The 1950s: Reality and Its Duplicate
In the first half of the twentieth century most of the thinkers and artists who referred to television were in favor of the new medium. The only one that sounded skeptical and even concerned was Arnheim, but he didn’t remain alone for long. In the 1950s, two other seminal German thinkers, Martin Heidegger and Theodor W. Adorno, joined him. In his lecture titled “The Thing,” given at the Bayerischen Akademie der Schönen KĂŒnste in Munich in 1950, Heidegger used the analogy of a handmade ceramic jug to build an argument around the limits between reality and the way we perceive it in an era of increasing shrinkage of time and space due to technology.
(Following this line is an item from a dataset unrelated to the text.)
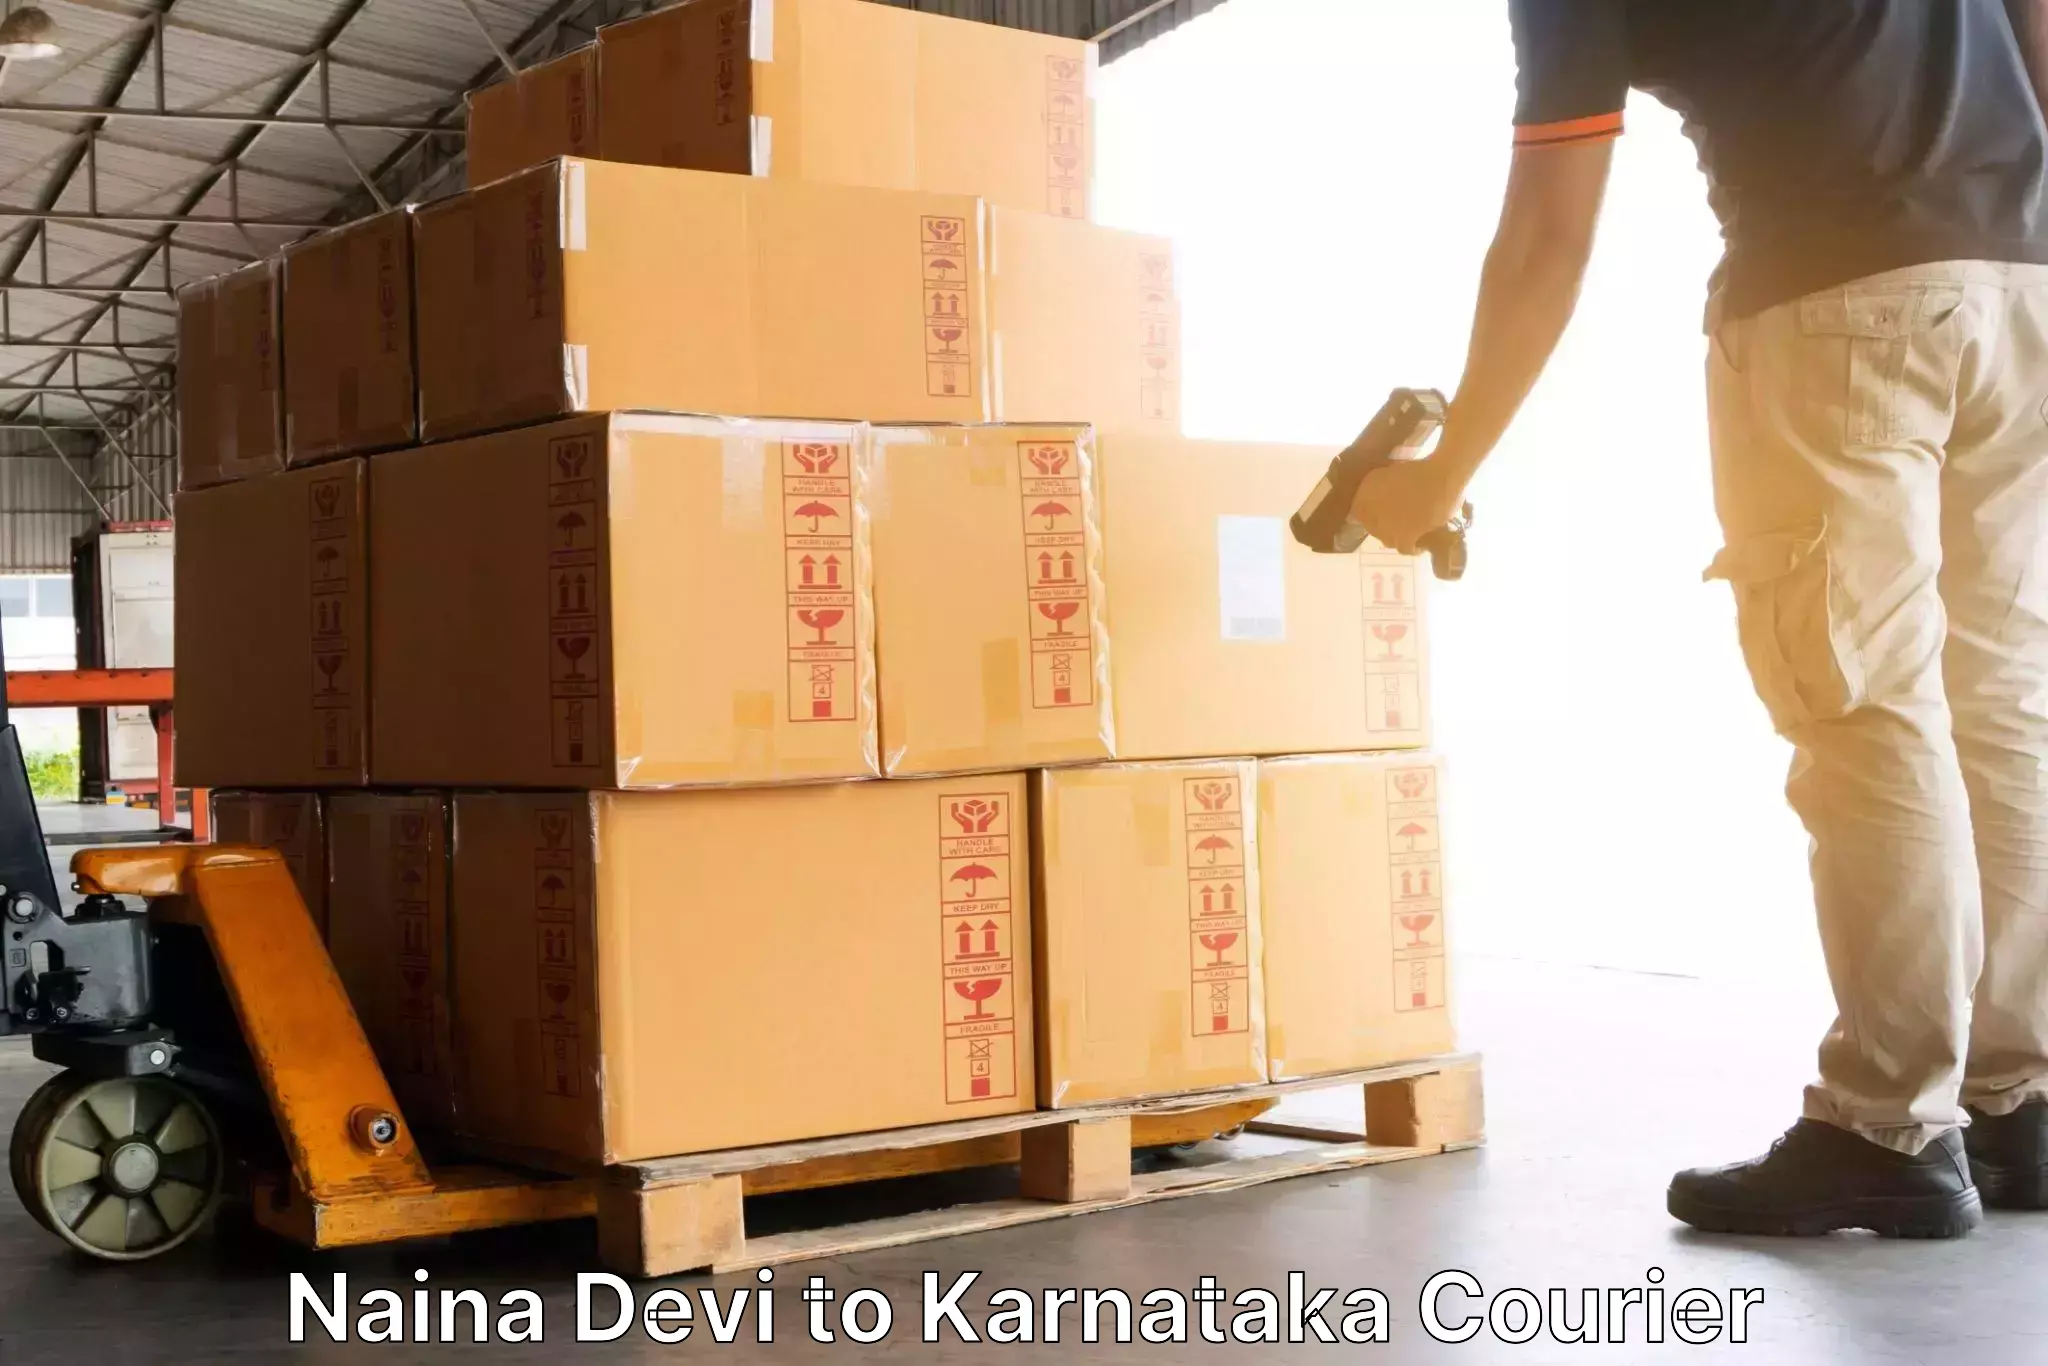 Courier service efficiency Naina Devi to Kadaba

“Man now reaches overnight, by plane, places which formerly took weeks and months of travel,”16 he said. “The peak of this abolition of every possibility of remoteness is reached by television, which will soon pervade and dominate the whole machinery of communication.”17 A consequence of this uniformity of reality, of being “neither far nor near,” provoked a kind of “void” or “vessel,” according to Heidegger, which could be considered a metaphor of the ether itself, because “no representation of what is present, in the sense of what stands forth and of what stands over against as an object, ever reaches to the thing qua thing.”18
Slightly younger than Heidegger, Adorno was, alongside Max Horkheimer, a leading member of the Frankfurt School of critical theory. Other associates included such influential thinkers as Walter Benjamin and Siegfried Kracauer, all of whom analyzed modern culture advocating social change. Active since the 1920s as a musician and composer first, and lecturer in phi...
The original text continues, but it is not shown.